_Your goal:_ Since the pictures are not wanted, retype the listing below exactly and without them.

_Source material:_
■ ■ ■

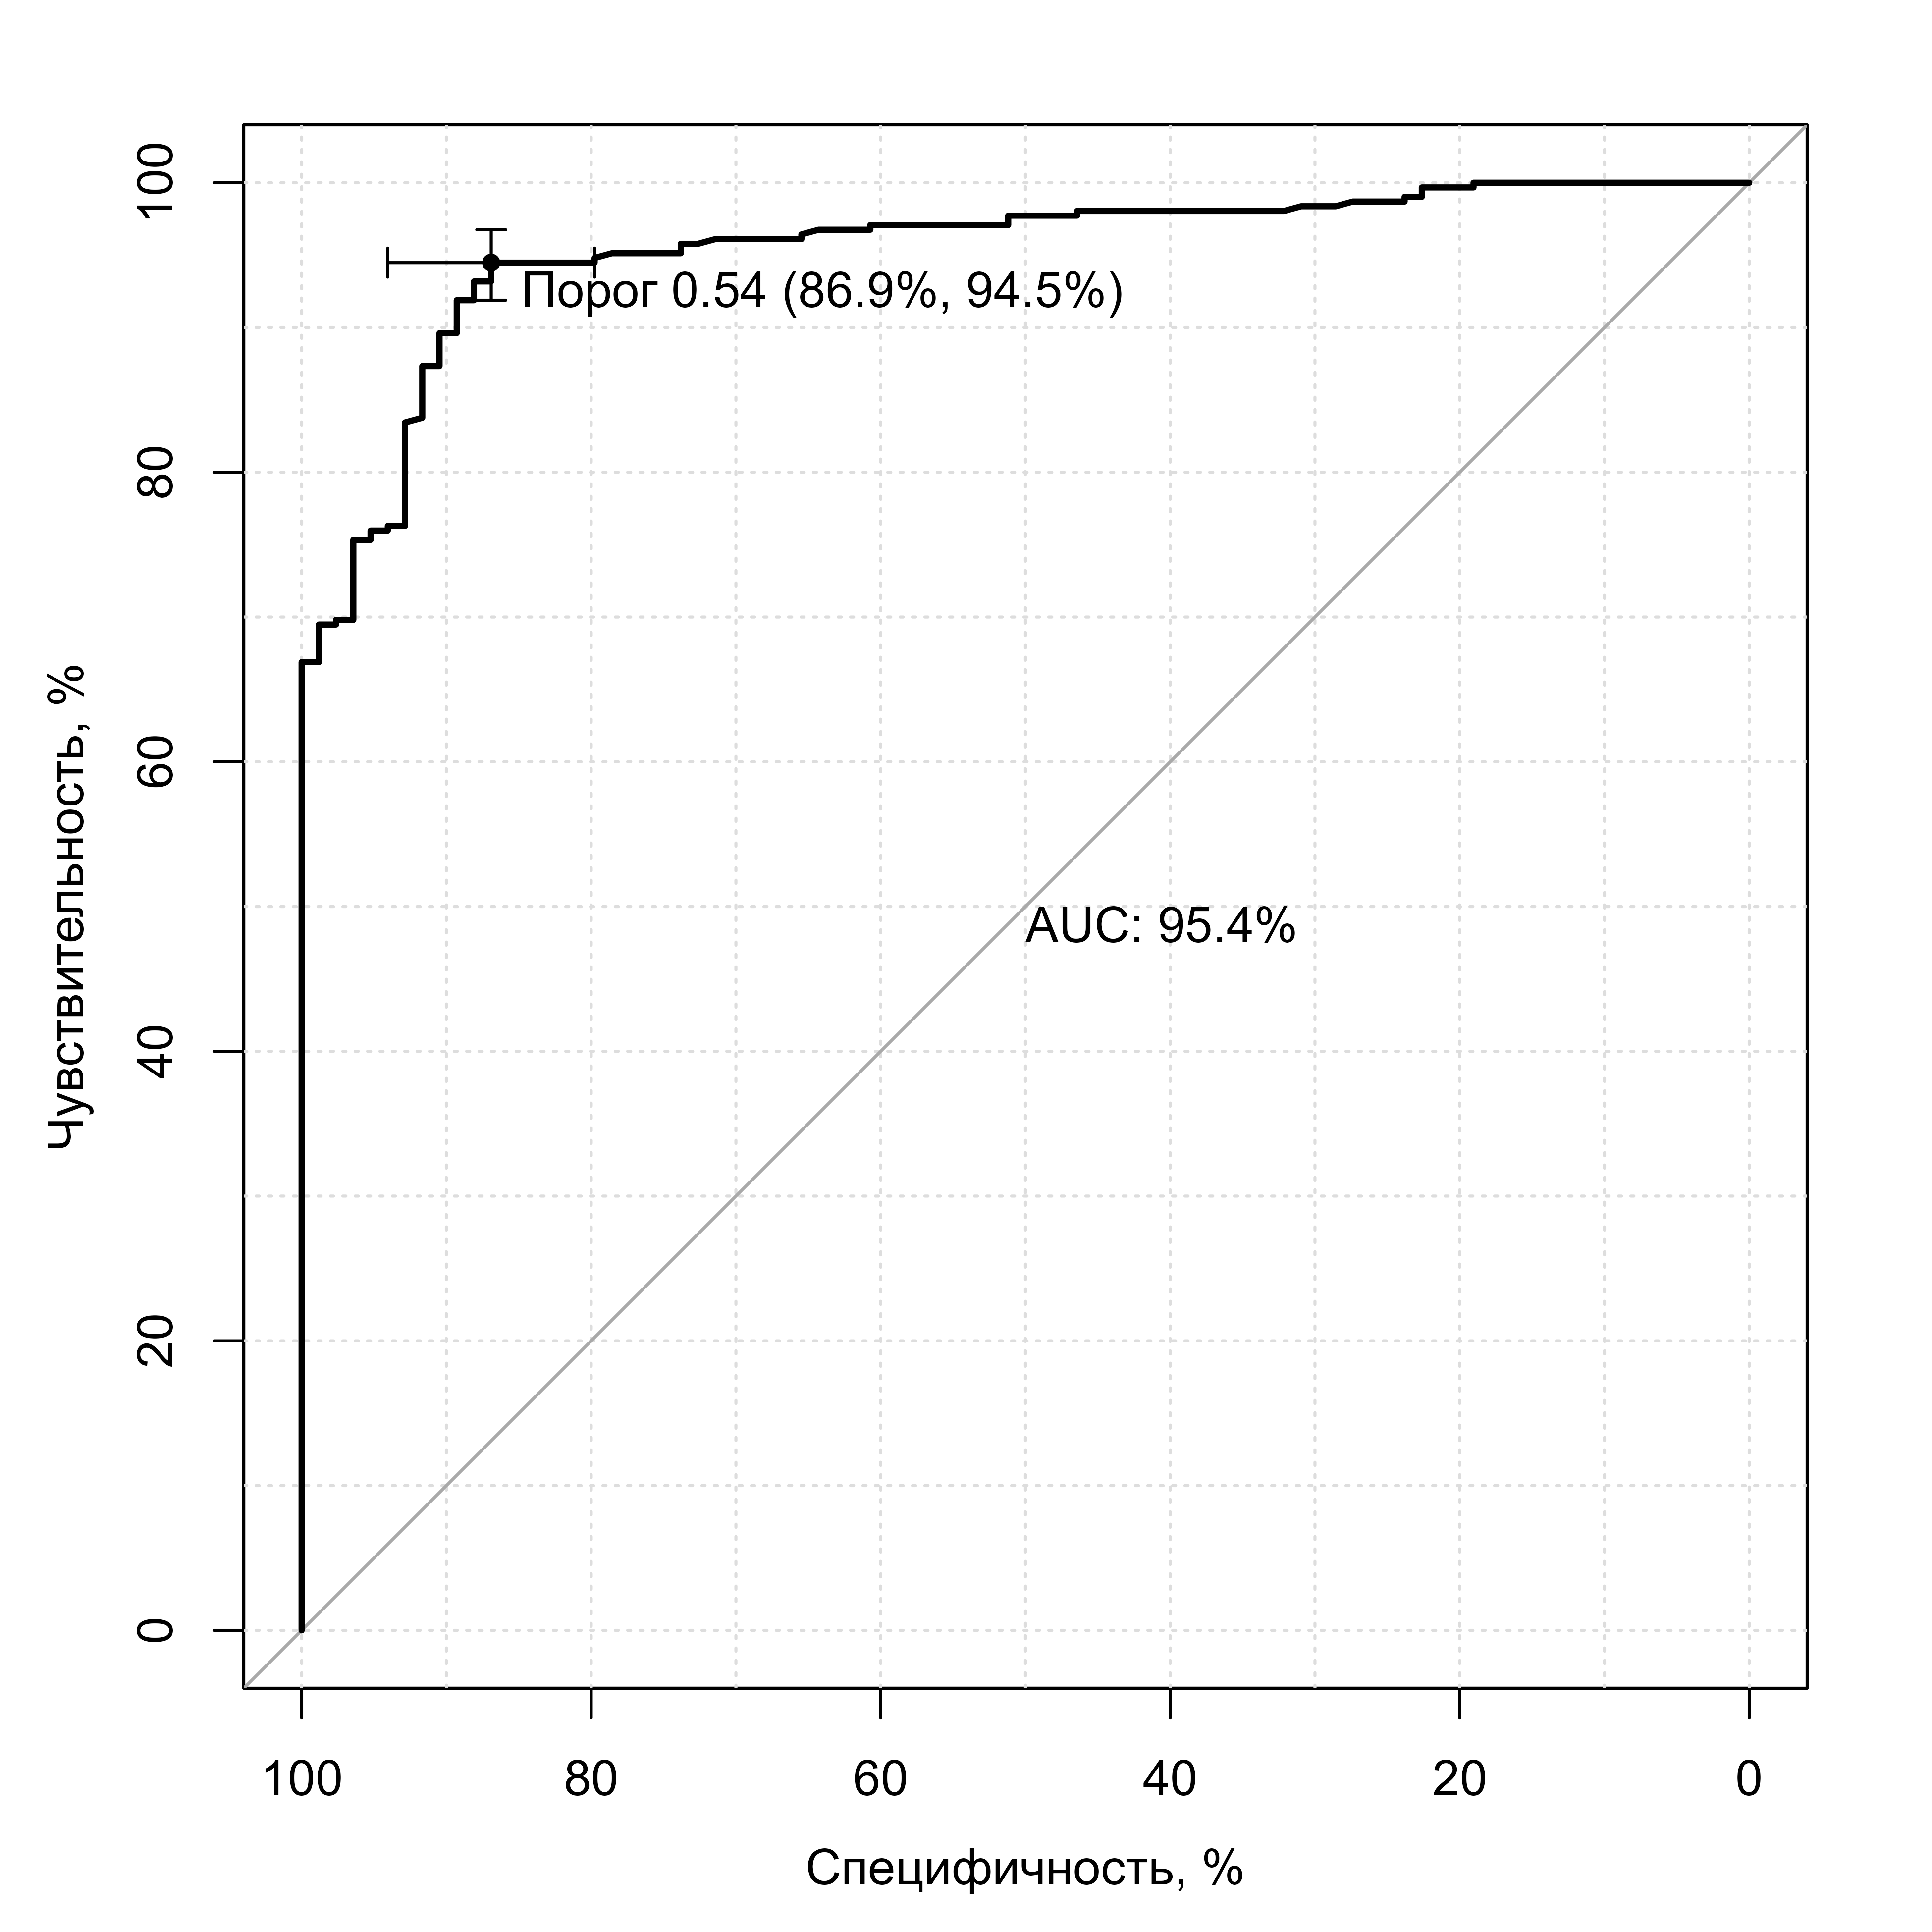 ROC-кривая для многофакторной модели (n=392)
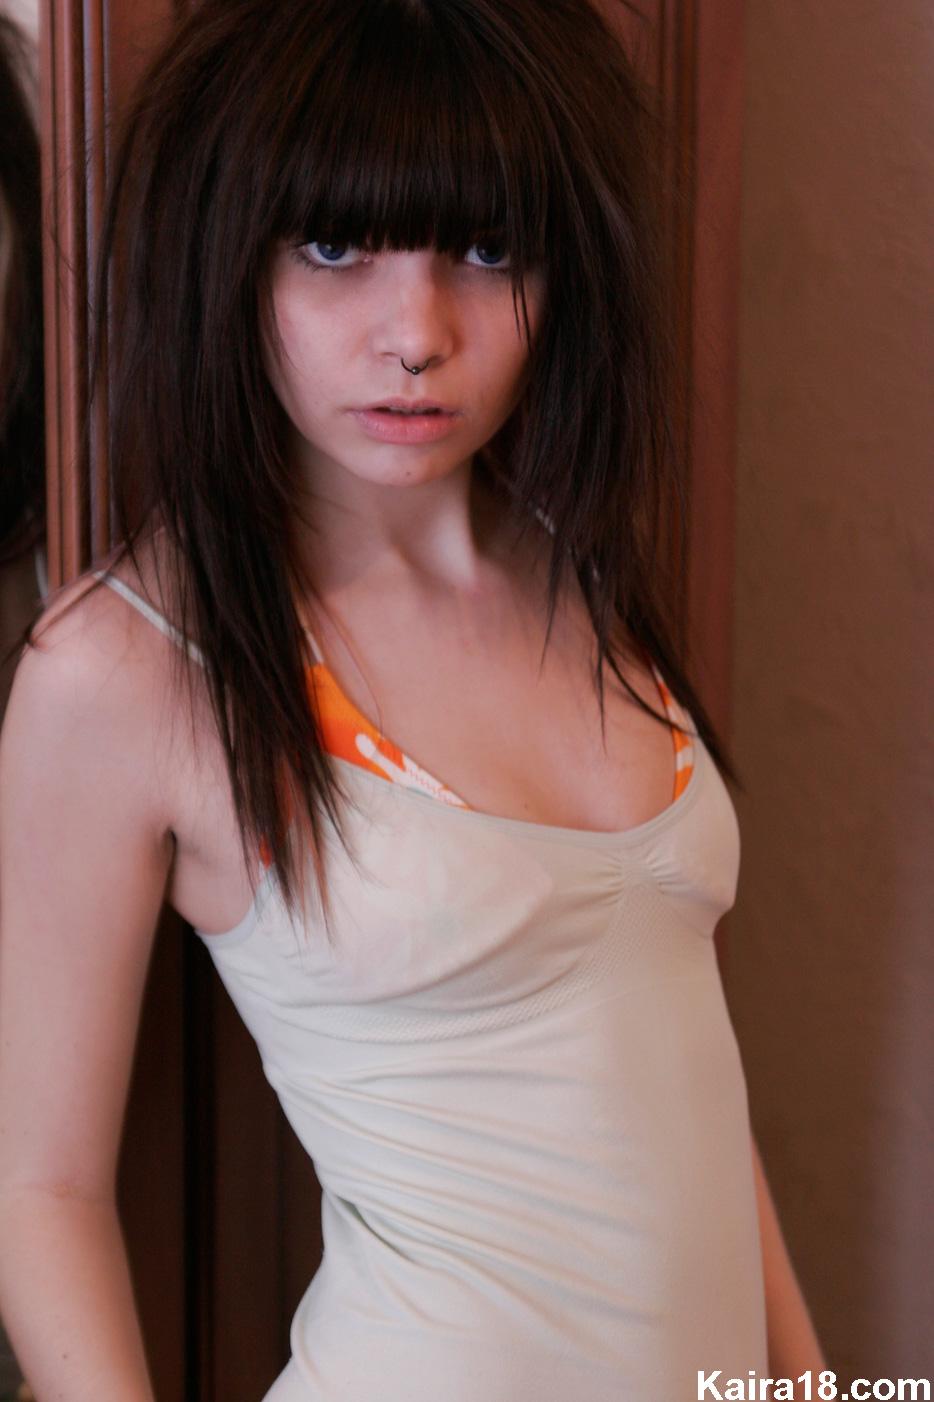 Bilder von Teenager-Mädchen kaira 18 wartet auf Sie im Bett
 #55901006

■ ■ ■

_Answer section:_
 ROC-кривая для многофакторной модели (n=392)
 Bilder von Teenager-Mädchen kaira 18 wartet auf Sie im Bett
 #55901006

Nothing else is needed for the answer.